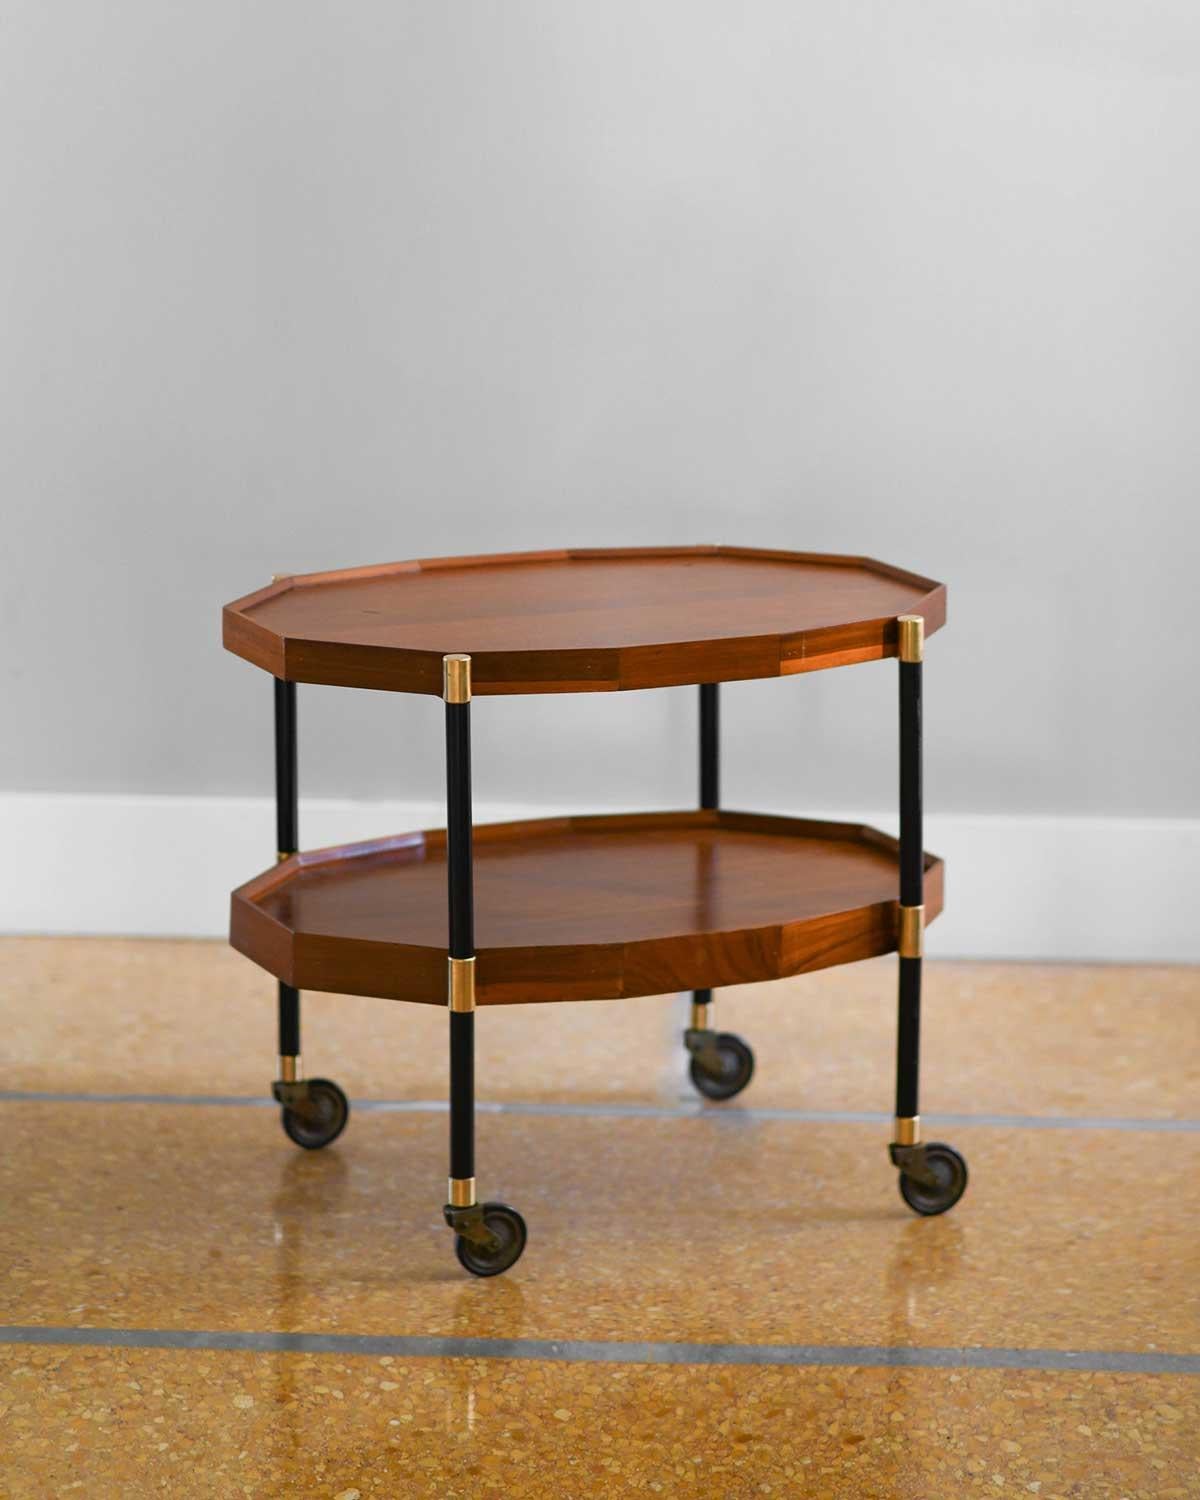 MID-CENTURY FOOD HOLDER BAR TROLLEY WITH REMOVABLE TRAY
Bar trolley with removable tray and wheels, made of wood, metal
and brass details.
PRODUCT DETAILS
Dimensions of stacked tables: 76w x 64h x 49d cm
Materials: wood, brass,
☆ ☆ ☆ ☆ ☆
Exercise directions: How many lines of the data contain "wood"? Work it out and give only the number.

Solution: 2